RWGet
RWget is a web crawler that tries to emulate a subset of the interface of GNU/Wget, but with more flexibility for my needs.
Features
- Regular expression accept/reject lists
- Pluggable interfaces for robots-txt, url-fetcher, url-queue, url-dupe-detector, and page-storage. The defaults store locally, and fetch using libcurl, but you could easily change to db storage, a distributed queue, etc.
Help page
Usage: /usr/bin/rwget [options] SEED_URL [SEED_URL2 ...]
-w, --wait=SECONDS wait SECONDS between retrievals.
-P, --directory-prefix=PREFIX save files to PREFIX/...
-U, --user-agent=AGENT identify as AGENT instead of RWget/VERSION.
-A, --accept-pattern=RUBY_REGEX URLs must match RUBY_REGEX to be saved to the queue.
--time-limit=AMOUNT Crawler will stop after this AMOUNT of time has passed.
-R, --reject-pattern=RUBY_REGEX URLs must NOT match RUBY_REGEX to be saved to the queue.
--require=RUBY_SCRIPT Will execute 'require RUBY_SCRIPT'
--limit-rate=RATE limit download rate to RATE.
--http-proxy=URL Proxies via URL
--proxy-user=USER Sets proxy user to USER
--proxy-password=PASSWORD Sets proxy password to PASSWORD
--fetch-class=RUBY_CLASS Must implement fetch(uri, user_agent_string) #=> [final_redirected_url, file_object]

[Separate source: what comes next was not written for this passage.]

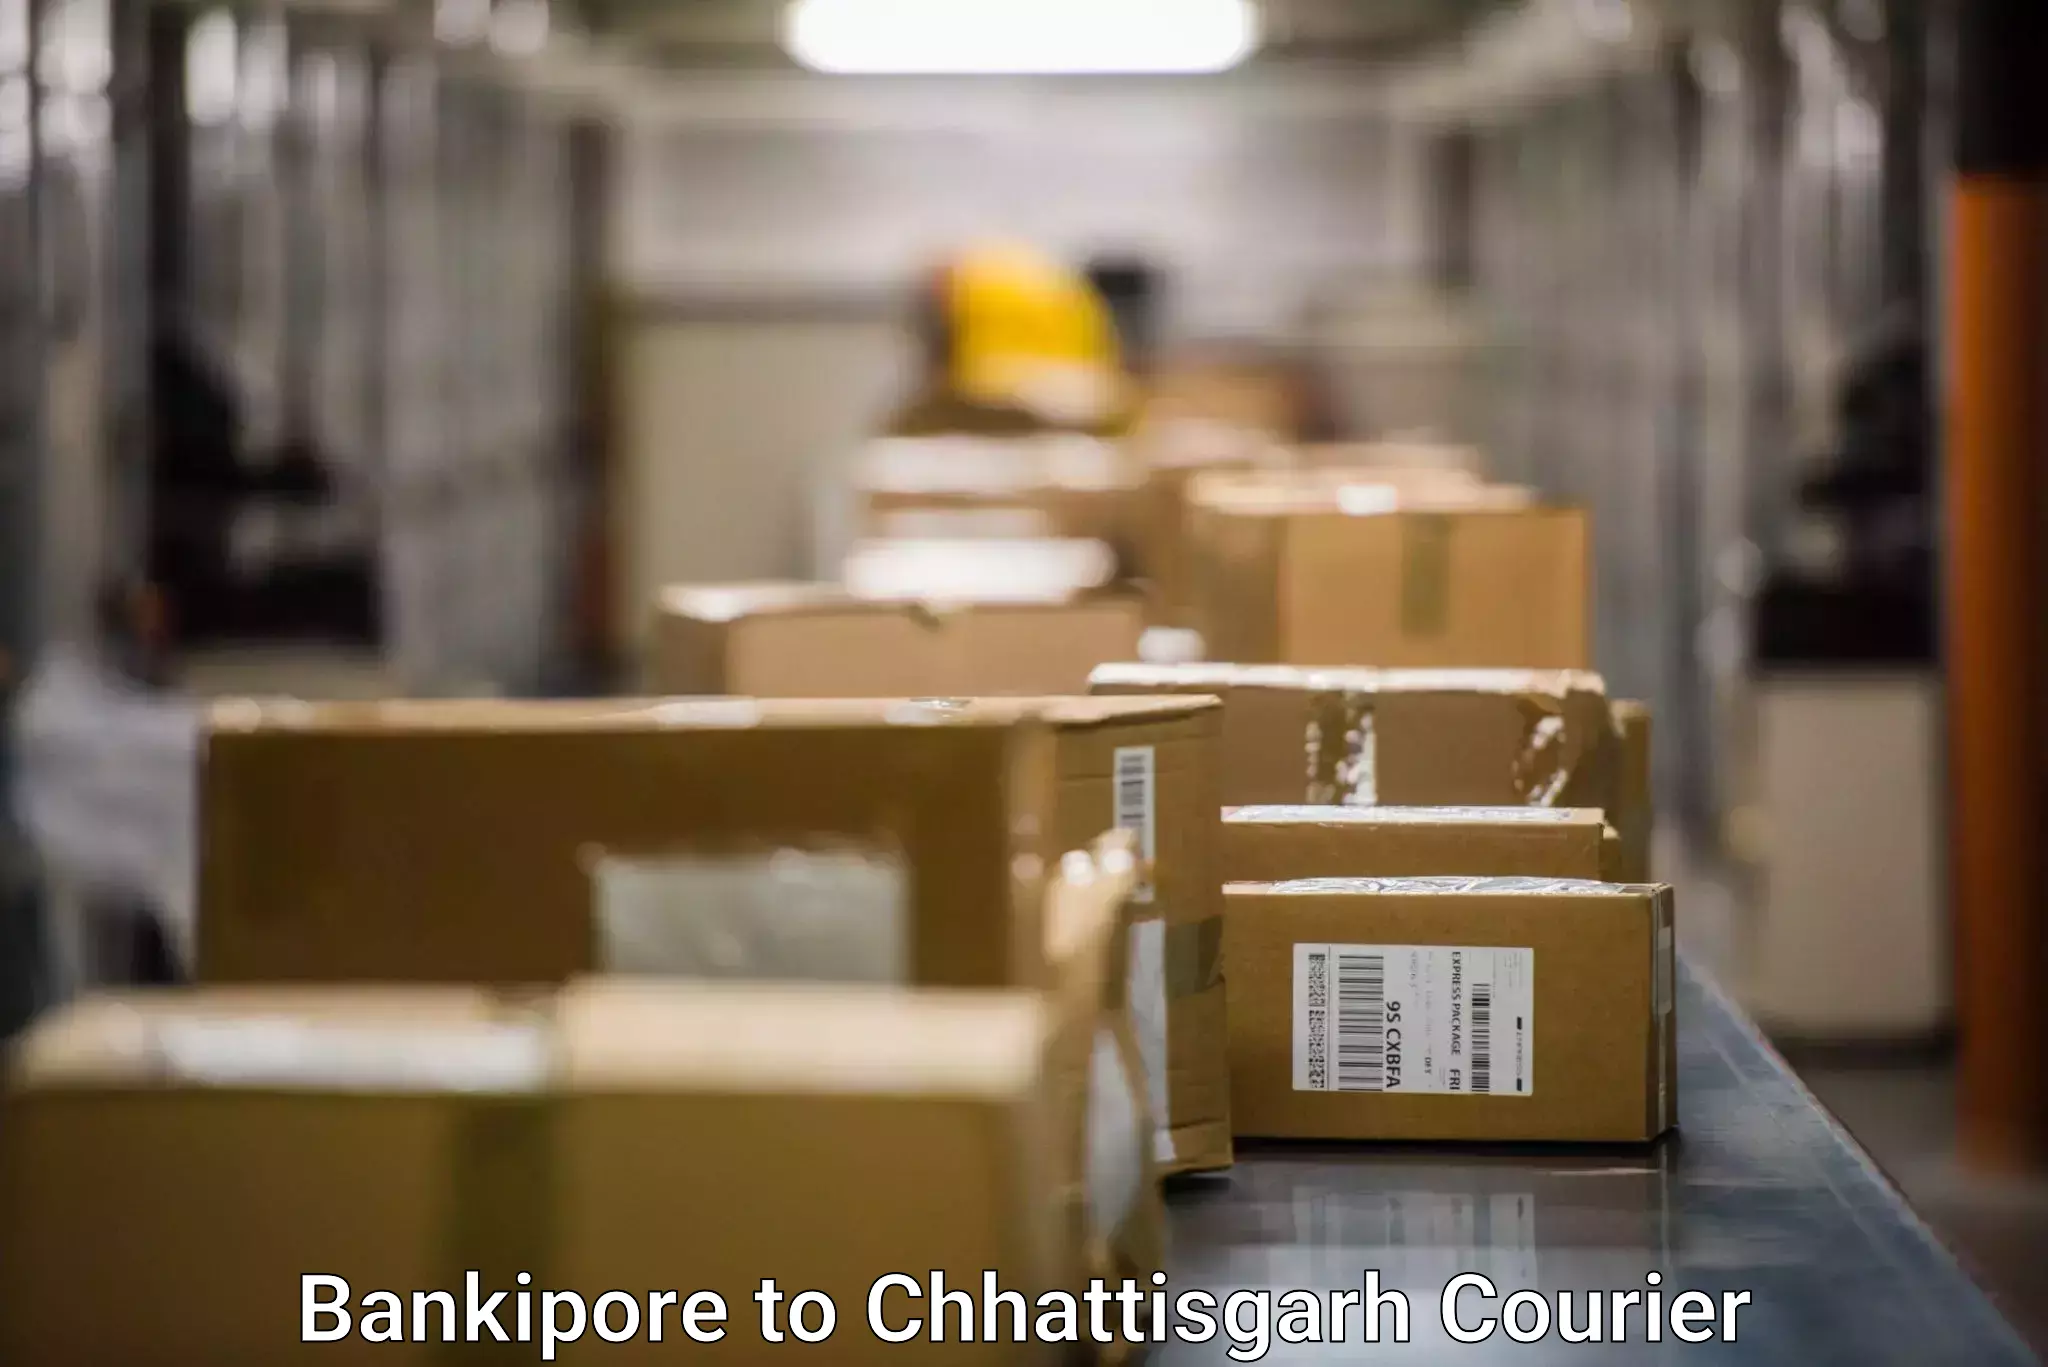 Efficient parcel tracking in Bankipore to Patna Chhattisgarh
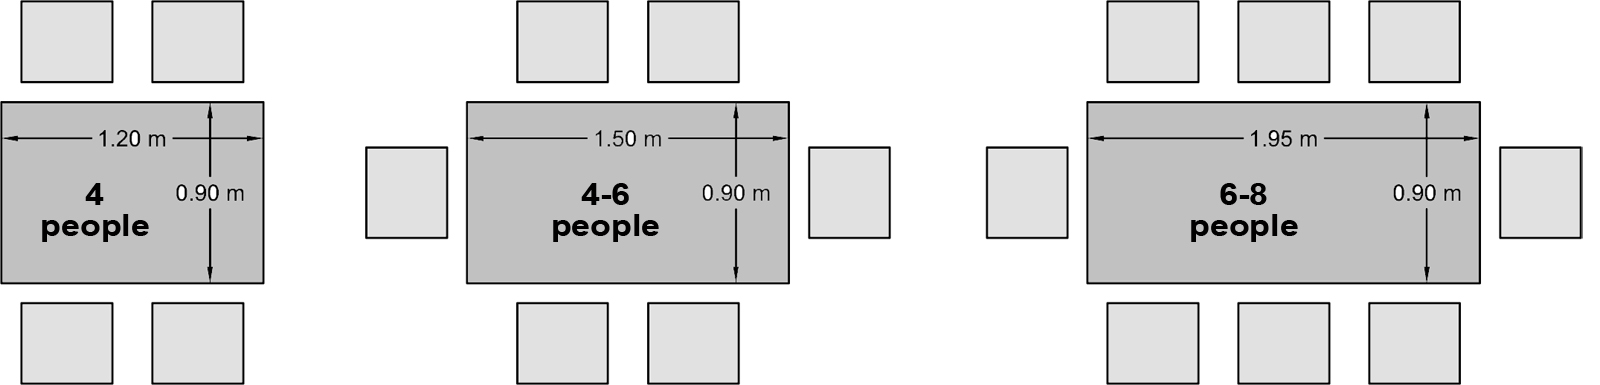 Standard Dimensions Of 6 Seater Dining, Standard Dimensions Of A Dining Room

--store-class=RUBY_CLASS Must implement put(key_string, temp_file)
--dupes-class=RUBY_CLASS Must implement dupe?(uri)
--queue-class=RUBY_CLASS Must implement put(key_string, depth_int) and get() #=> [key_string, depth_int]
--links-class=RUBY_CLASS Must implement urls(base_uri, temp_file) #=> [uri, ...]
-S, --sitemap=URL URL of a sitemap to crawl (will ignore inter-page links)
-Q, --quota=NUMBER set retrieval quota to NUMBER.
--max-redirect=NUM maximum redirections allowed per page.
-H, --span-hosts go to foreign hosts when recursive
--connect-timeout=SECS set the connect timeout to SECS.
-T, --timeout=SECS set all timeout values to SECONDS.
-l, --level=NUMBER maximum recursion depth (inf or 0 for infinite).
--[no-]timestampize Prepend the timestamp of when the crawl started to the directory structure.
--incremental-from=PREVIOUS Build upon the indexing already saved in PREVIOUS.
--protocol-directories use protocol name in directories.
--no-host-directories don't create host directories.
-v, --[no-]verbose Run verbosely
-h, --help Show this message
Ruby API
require "rubygems"
require "rwget"
# options is the same as the command-line long options, but converted into
# idiomatic ruby. See the RDoc for details.
# i.e.
# sh$ rwget -T 5 -A ".*foo.*" http://google.com
# becomes:
# irb$ RWGet::Controller.new({:seeds => ["http://google.com"],
# :timeout => 5, :accept_patterns => /.*foo.*/}).start
RWGet::Controller.new(options).start